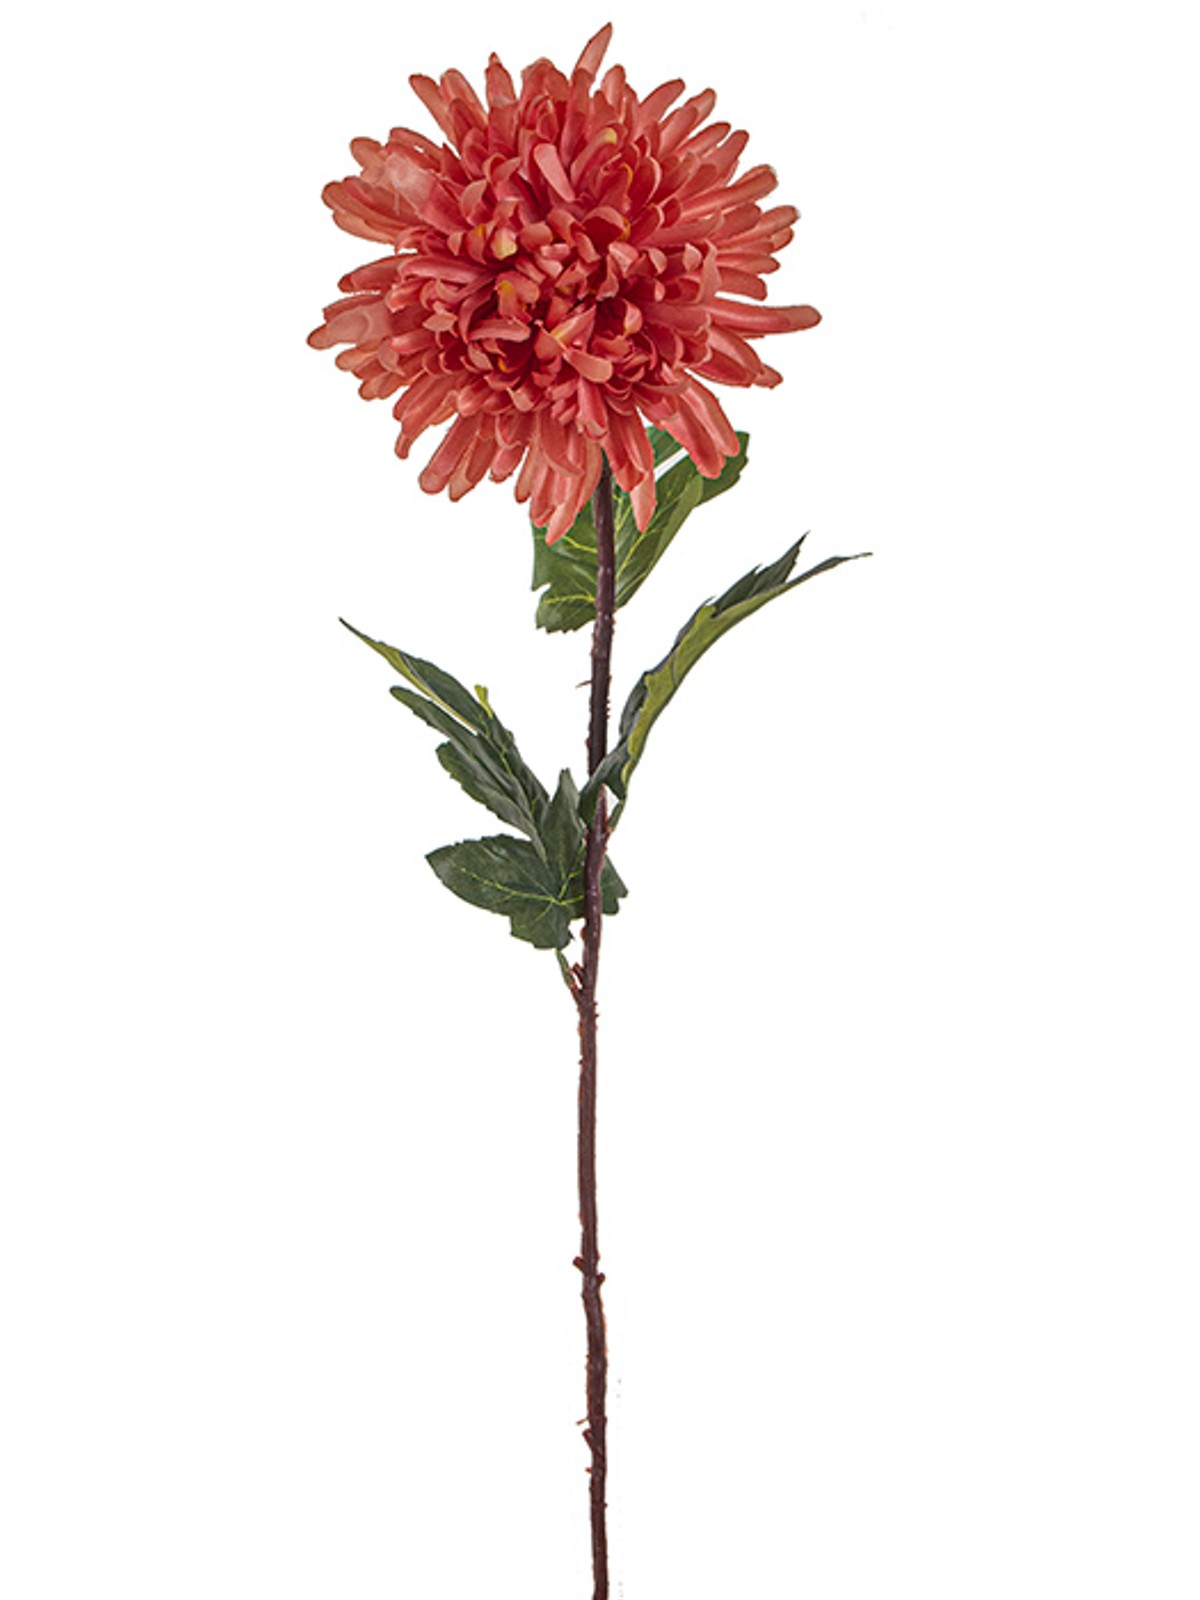 Coral chrysanthemum
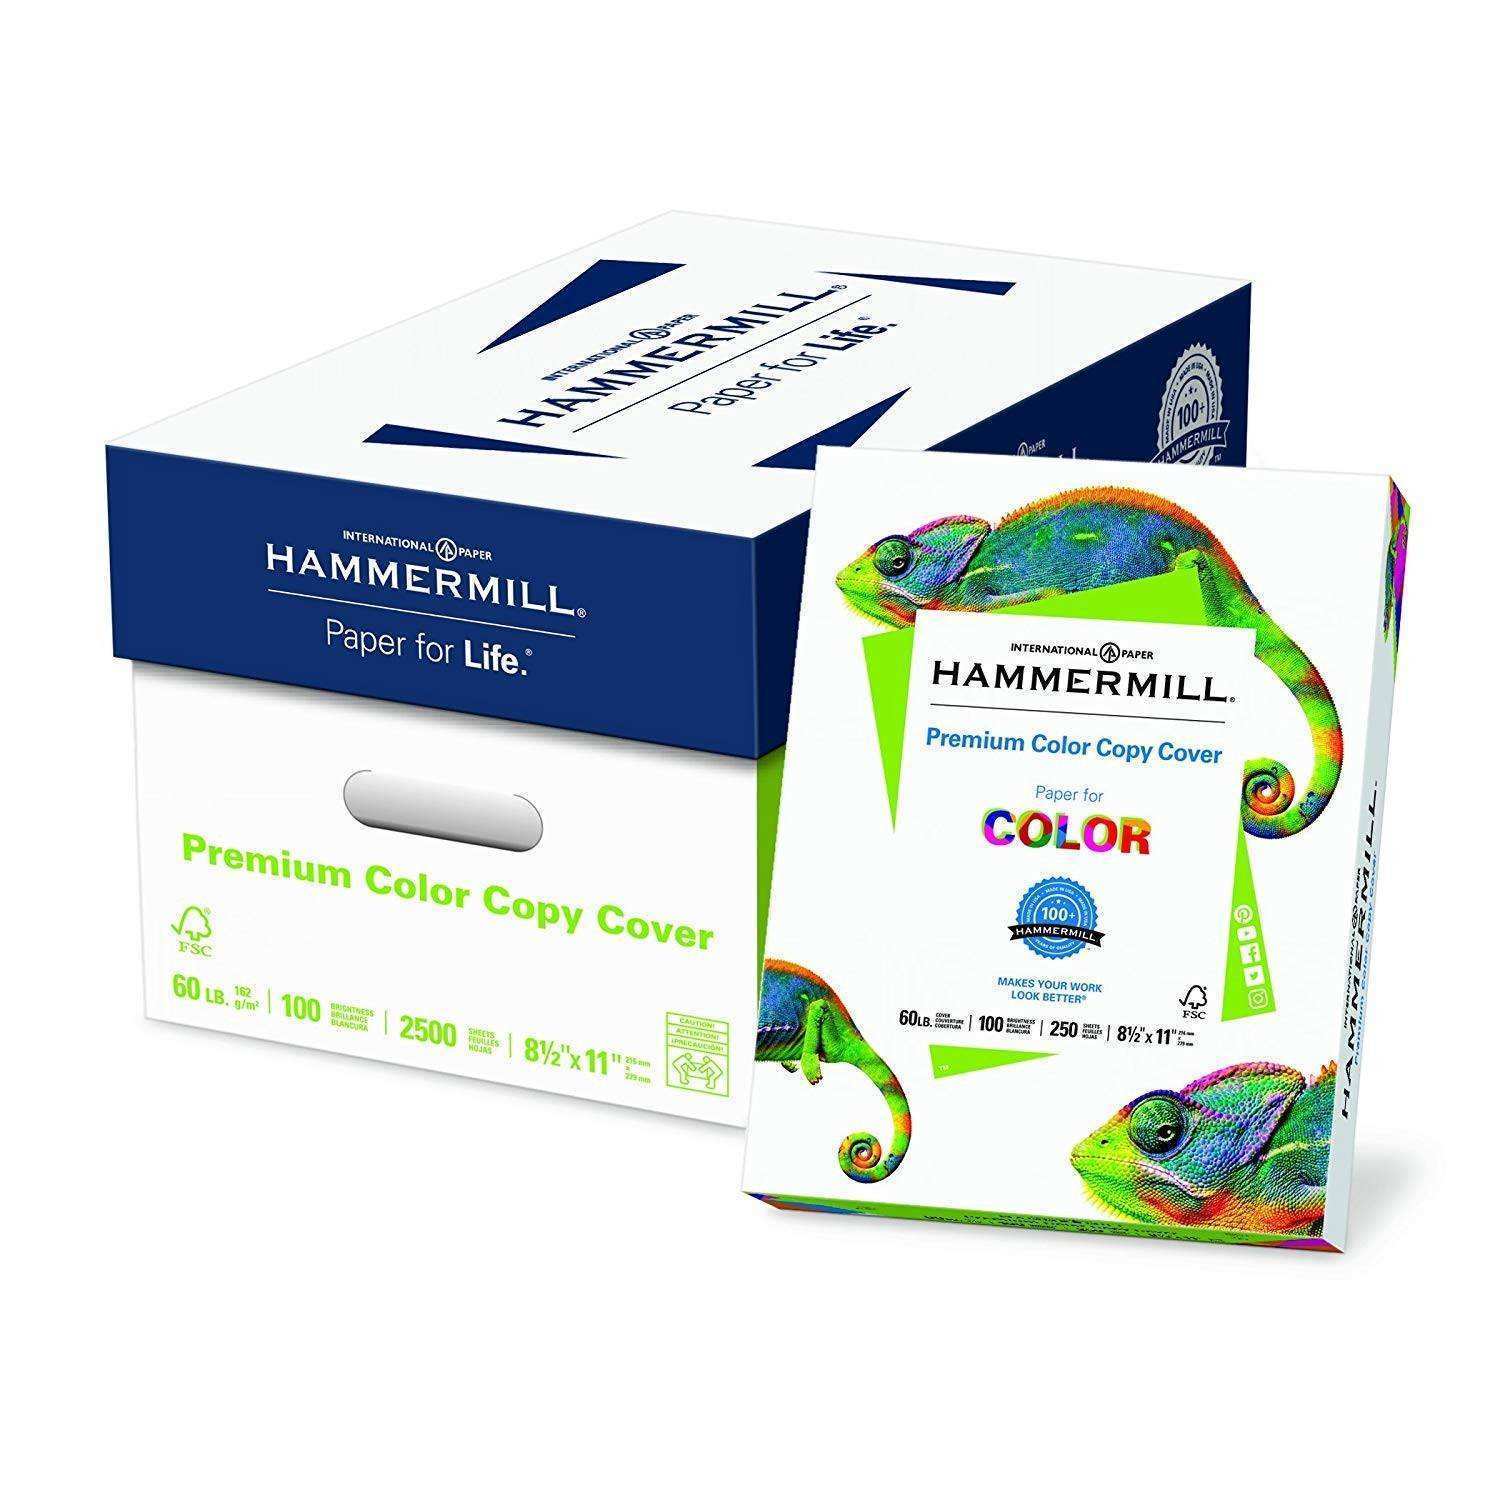 71 Free Business Card Template Hammermill Maker for Business Card Template Hammermill
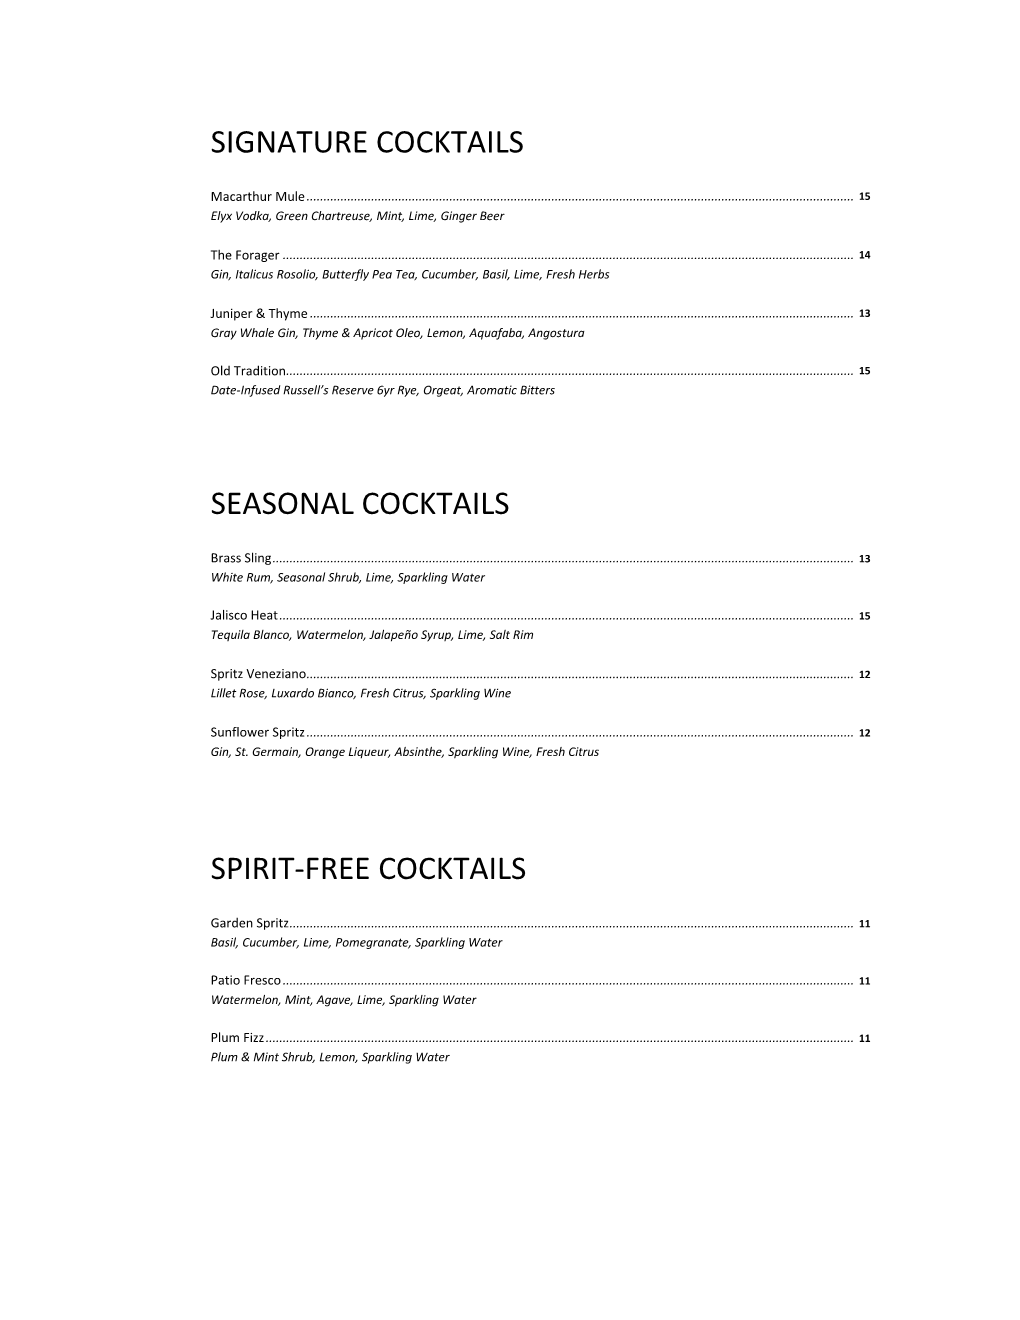 Signature Cocktails Seasonal Cocktails Spirit-Free
+--
- _Task brief_: All that's required is the material above repeated exactly, minus any picture.

- _Response_:
 Coral chrysanthemum
 71 Free Business Card Template Hammermill Maker for Business Card Template Hammermill
 Signature Cocktails Seasonal Cocktails Spirit-Free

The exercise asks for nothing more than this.